EXERCISE:
Everything in the data should be repeated exactly, save for the images.

COLLECTED MATERIAL:
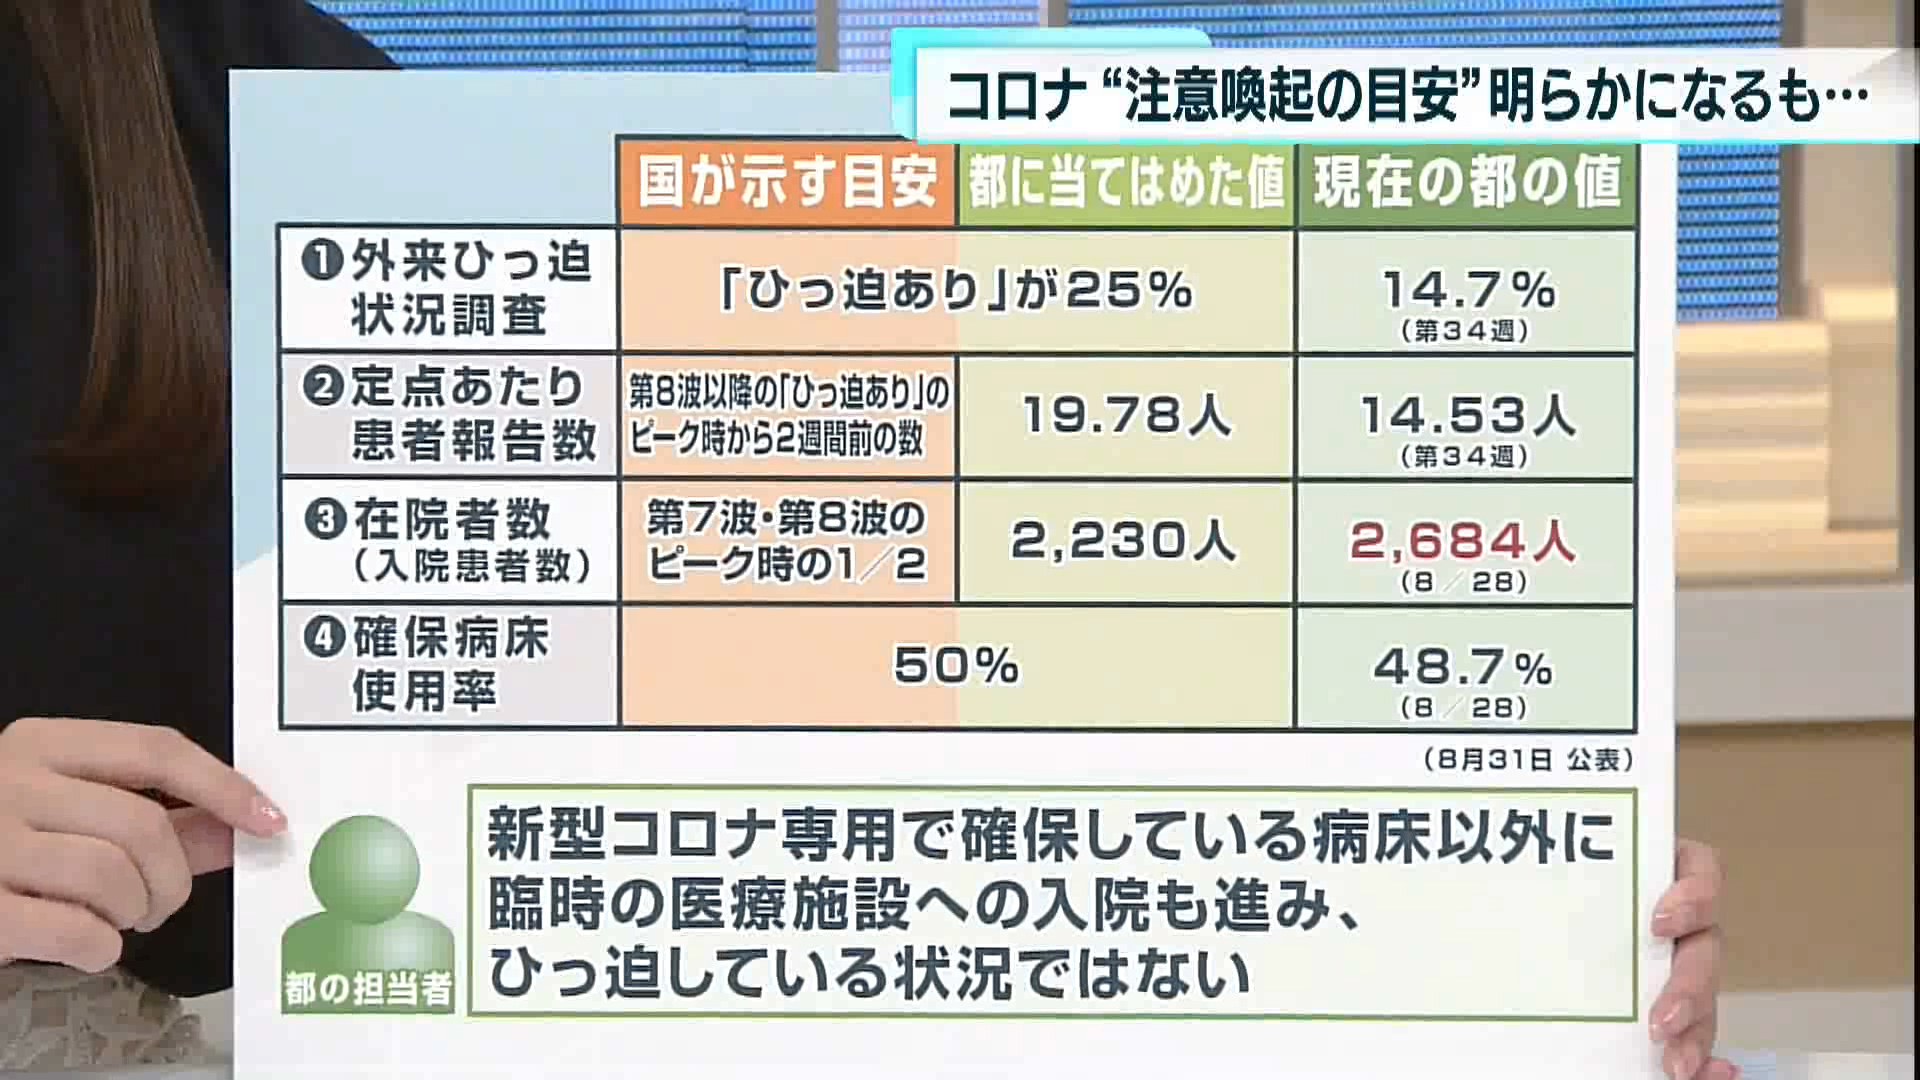 新型コロナウイルスの感染者数について見ていきます。今年5月に5類に移行してから、感染拡大の注意喚起が行われる基準が明確に示されていませんでしたが、国の目安に合わせる形で東京都の数字が明らかになりました。

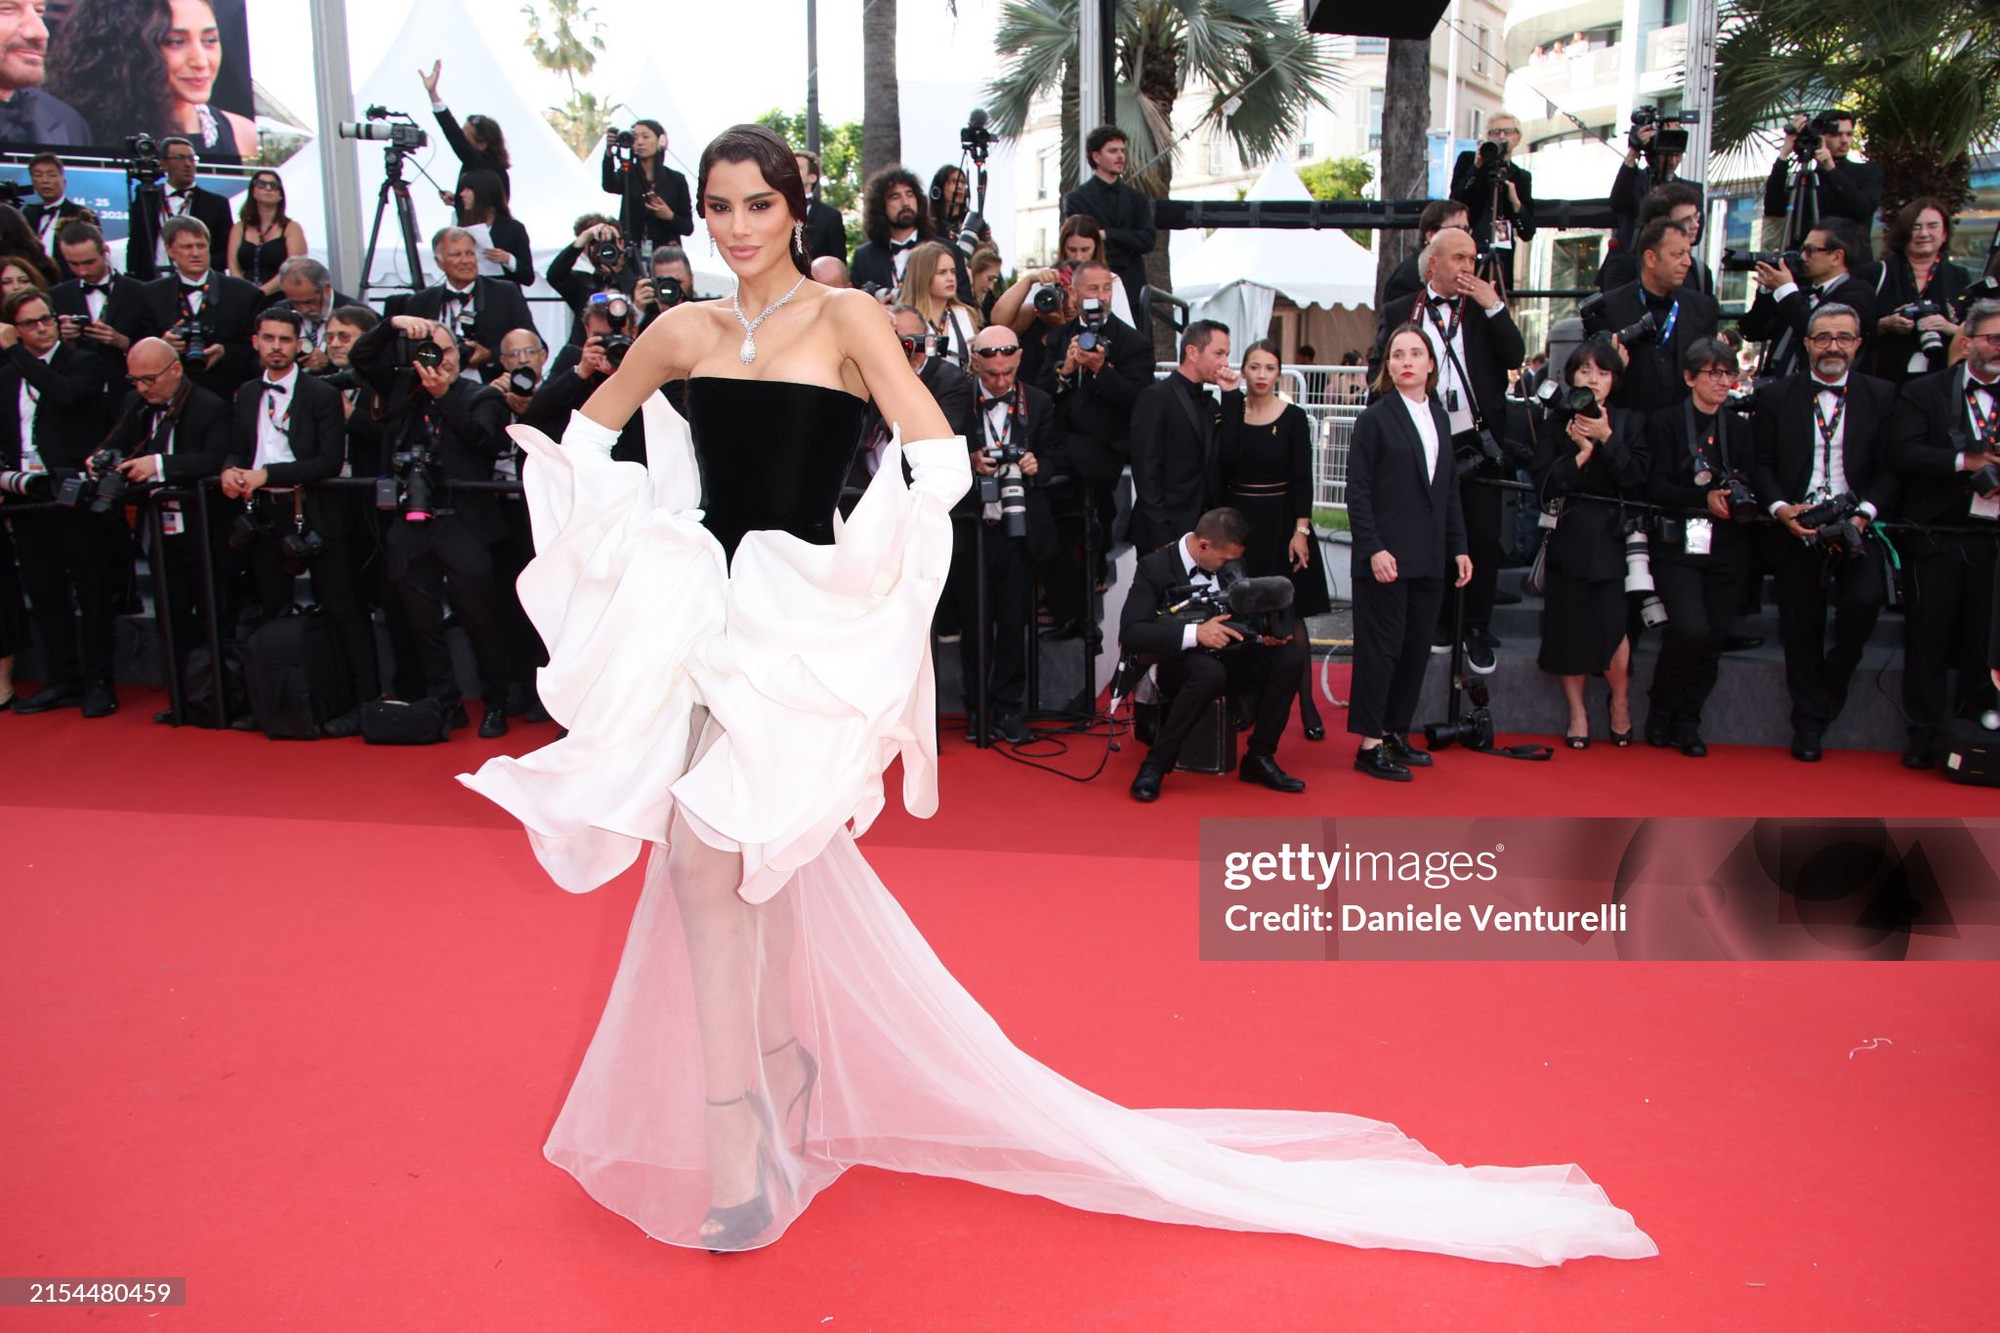 Thảm đỏ Cannes ngày 11: Bình An - Phương Nga lần đầu đổ bộ, siêu mẫu Coco Rocha - Á hậu Hoàn vũ cực slay - Ảnh 8.
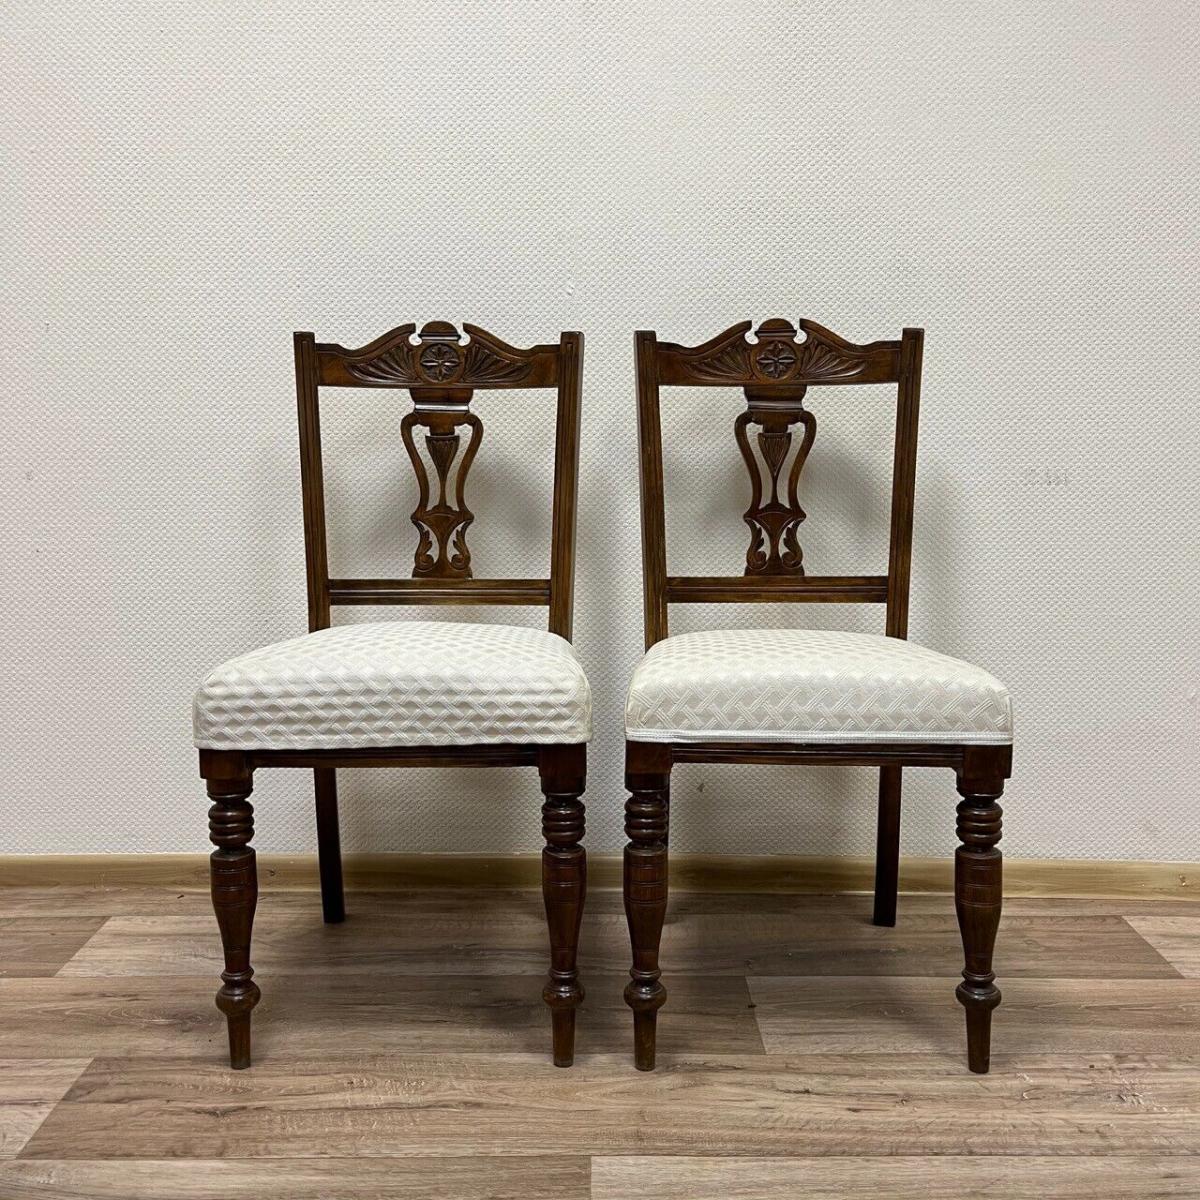 6 Stühle | Nussbaum | Antik
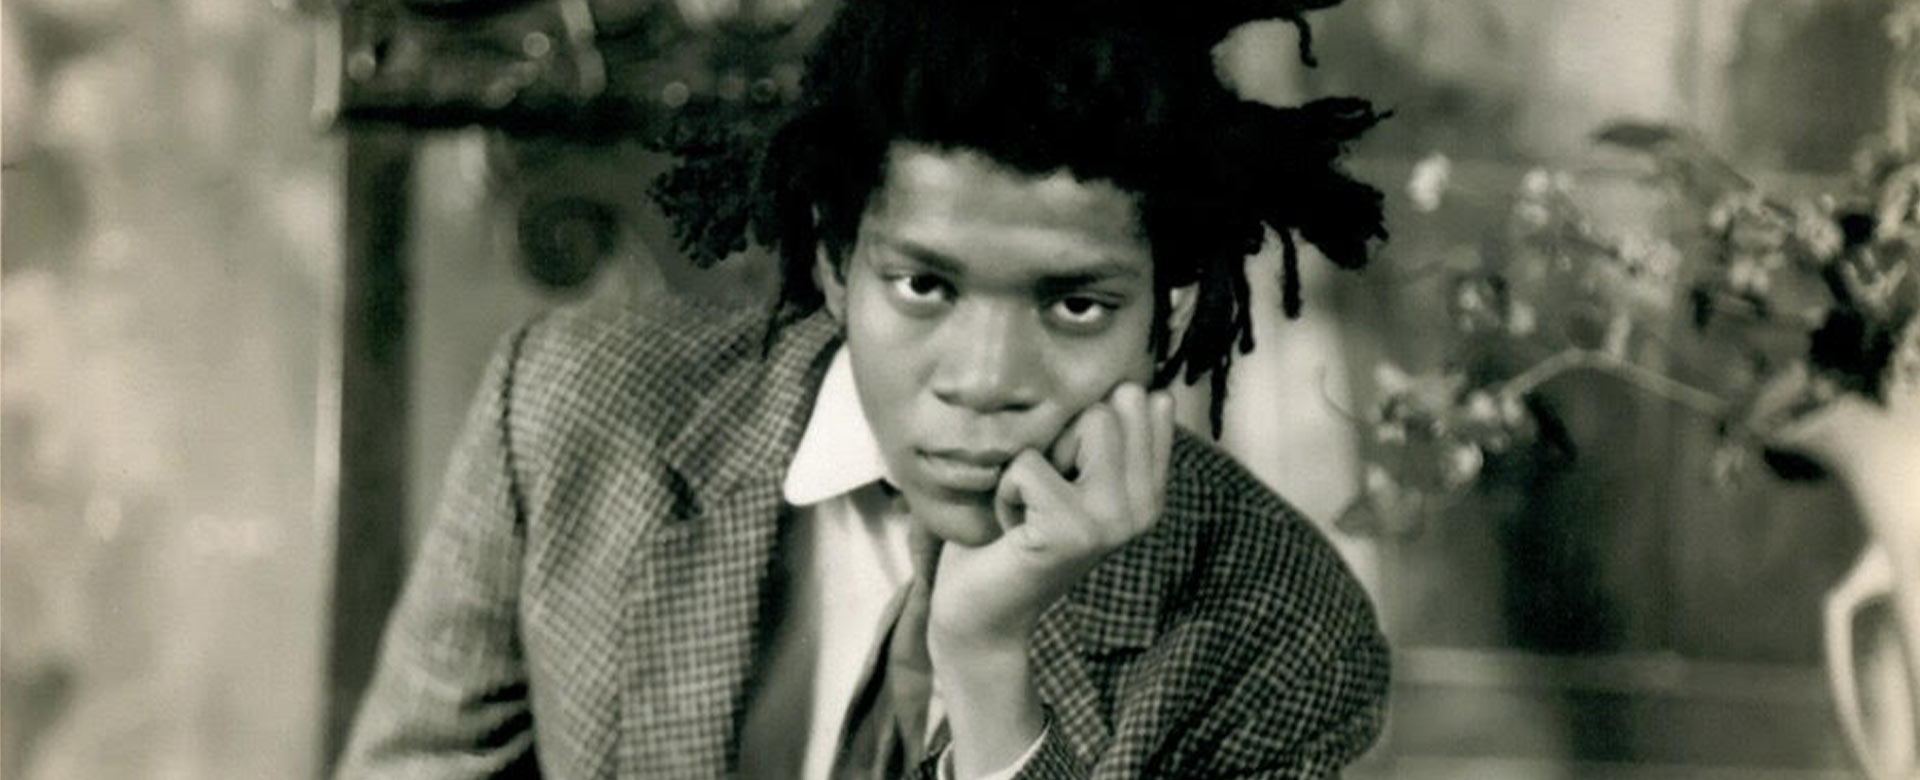 Jean-Michel Basquiat, 1982 © James Van der Zee Archive

RESPONSE BELOW:
 新型コロナウイルスの感染者数について見ていきます。今年5月に5類に移行してから、感染拡大の注意喚起が行われる基準が明確に示されていませんでしたが、国の目安に合わせる形で東京都の数字が明らかになりました。

 Thảm đỏ Cannes ngày 11: Bình An - Phương Nga lần đầu đổ bộ, siêu mẫu Coco Rocha - Á hậu Hoàn vũ cực slay - Ảnh 8.
 6 Stühle | Nussbaum | Antik
 Jean-Michel Basquiat, 1982 © James Van der Zee Archive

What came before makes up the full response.